By Jim Nolan
Let’s state the most important thing first: it was a great place to grow up. In an interview I did last year with the Evening Herald, I was asked if I had ever regretted not going to university. I told the journalist that my university was the streets where I lived and that when I left for London in October 1977, I was armed with a doctorate from the University of Brady’s Bar where I had worked for a few years in the mid-seventies. I wasn’t joking either. Any education I needed for being a playwright, I got in John’s Park and I’m proud to say it.
For all of us who were lucky enough to live there, the occasion of our fiftieth birthday (2003) brought memories, fond and sometimes painful, flooding back. As I rewind the tape, I discover that those memories are not of great events and important occasions but are rooted in the commonplace and the ordinary and they are all the more sacred for that.
In an article this size, there’s little room to do the justice to the place so just a few random images will have to do it for now. I can hear Philip Boyle shouting “Fresh Mackerel!” on Friday morning – the same Philip who, when he just got a handful of votes the year he went for the Corporation elections, said that the only thing he’d learned from the experience was that there were 496 liars in John’s Park. Piery Power is holding court with his young acolytes outside Jackie O’Regan’s shop. Jackie is inside, a Gold Flake stuck permanently to the side of his mouth as Ninny Reid tells him he’s an awful robber. Brother Ryan is getting out of the Austin Cambridge (AW1 522) outside the school – another day of terror looming.
Teddy O’Connor is charming the ladies on ‘the bus to town’; the Rag Man is trading balloons for cast off clothes; Forty Coats and his son are dining out on the grass beside The Candy Store. Brian Power, my brother, John and the rest of the John’s Park Hippies are listening to Bob Dylan in 324 (The Bull Room) and Birdy Meagher is conducting The Rose of Aranmore at the accordian band rehearsal.

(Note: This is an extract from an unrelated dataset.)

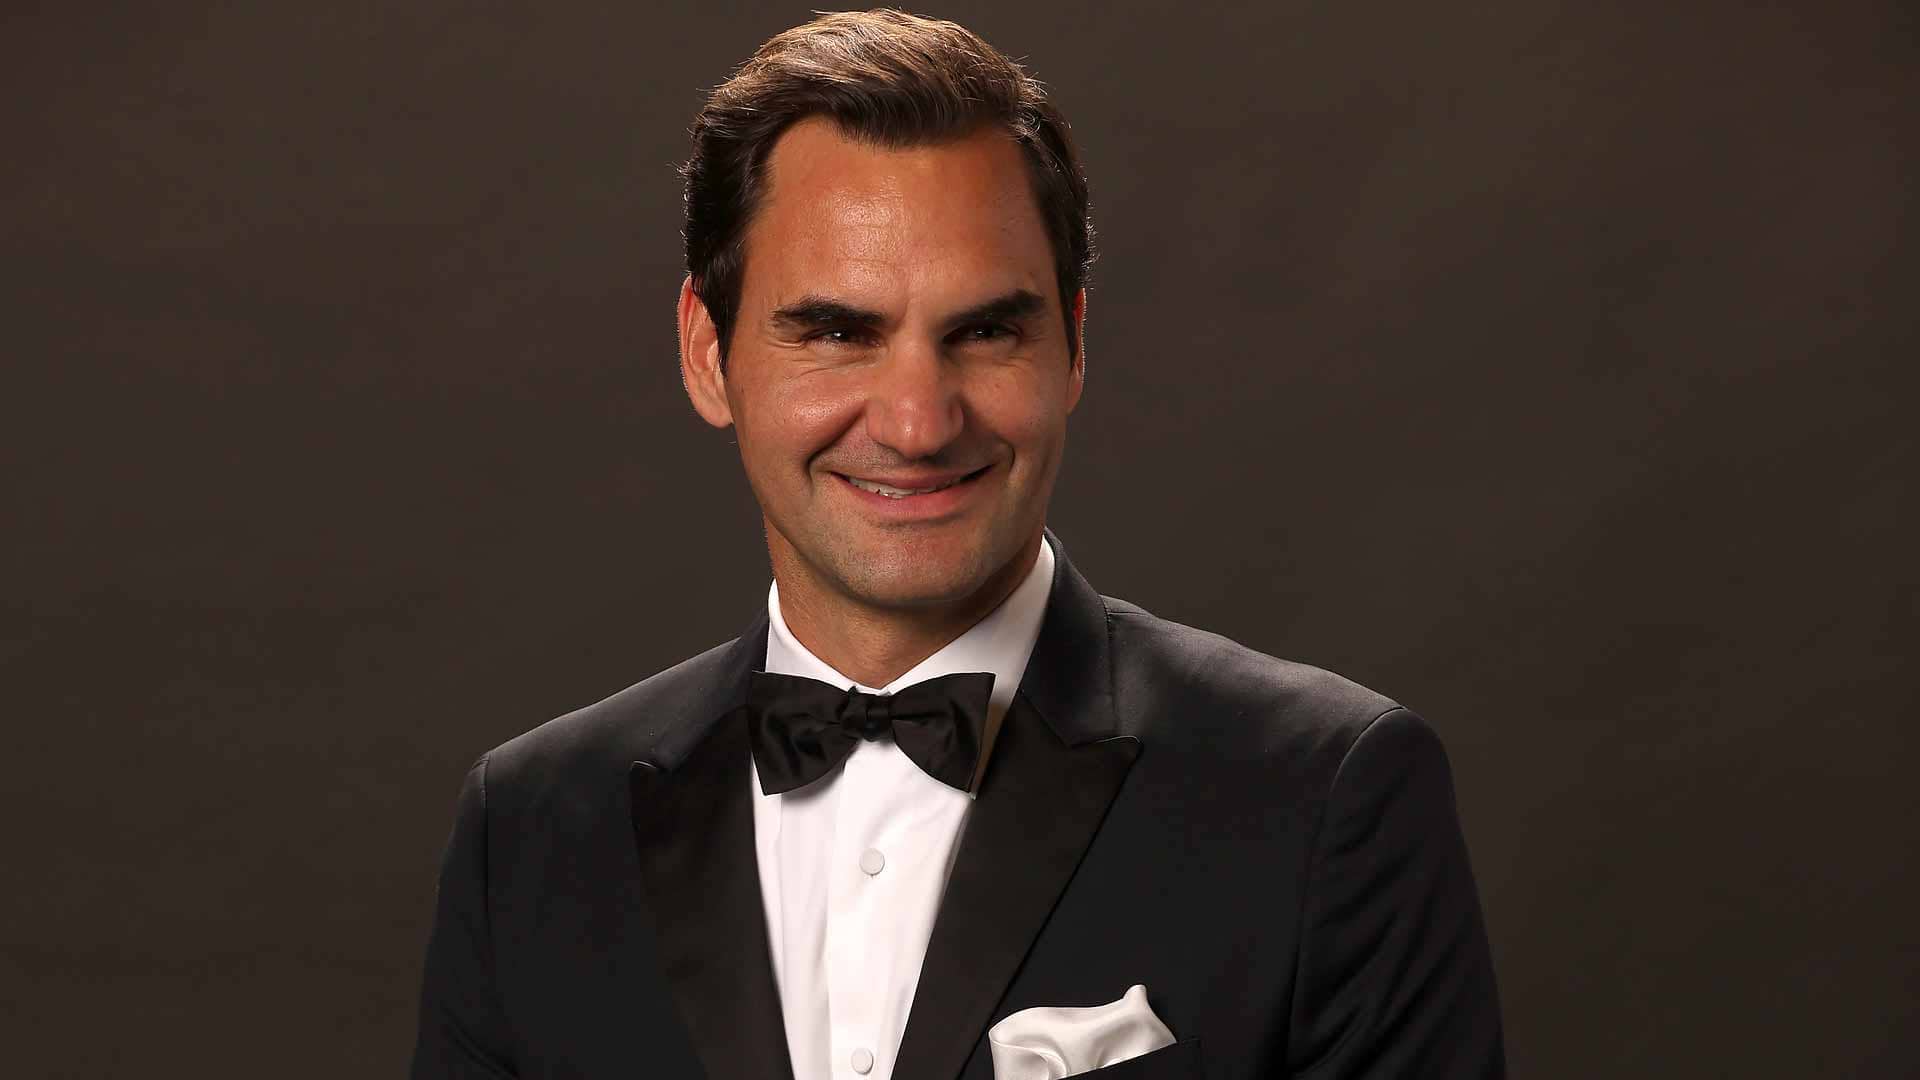 Roger Federer was named by Forbes one of the world's 10 highest-paid athletes.

Gerry Fagan is slagging Bobby Sinnott in Brady’s Bar, Nanny Rowe is looking for a Baby Power at the hatch; Mario Giuti revs up his triumph motorbike Rosa Di Fenza hangs out her washing and dreams of Naples. Father O’Gorman is saying first Mass in the Chapel of Ease; the patients are thinning turnips in the Mental Field as young lads from Father Pat’s bring home the apples from Mc Clures Orchard.
Sammy Winters puts a stray snooker ball through Brady’s window (in-off) and borrows a double decker bus to go to Katie Reilly’s. My mother, younger than I am now, is chatting to Brigid Whelan at the garden gate. Jimmy Cleary is bringing the house down at the Singing Pubs. Jimmy Reynolds is standing at his door and there are flowers and statues in every window as the May Procession winds into the Square.
The German Road are beating The Back Road 3-2 as the sun sets in the field behind Junior Dinan’s. Joe Carroll wants more milk in his brandy, Pat Walsh is homesick for Broadstone and the Rent Man’s at the door but there’s nobody home. Nancy Doyle is telling fortunes, Maureen Barry is singing Fernando, Mrs. Madigan is cleaning the school. Johnny Dunphy stands outside Doyle’s Shop waiting for the English soccer results in the late edition of The Evening Herald and the Paper Mills bus is pulling up for the last time.
And one memory burnt into the senses like no other, I am ten years old, it’s a summer evening and I stand at the end of our road, waiting for my father to come home from work. He comes round the bend on the Post Office bike and I run to meet him. He hoists me up on the bar of the bike and we head for home, happy as the day is long.
All our yesterdays. The life of a community.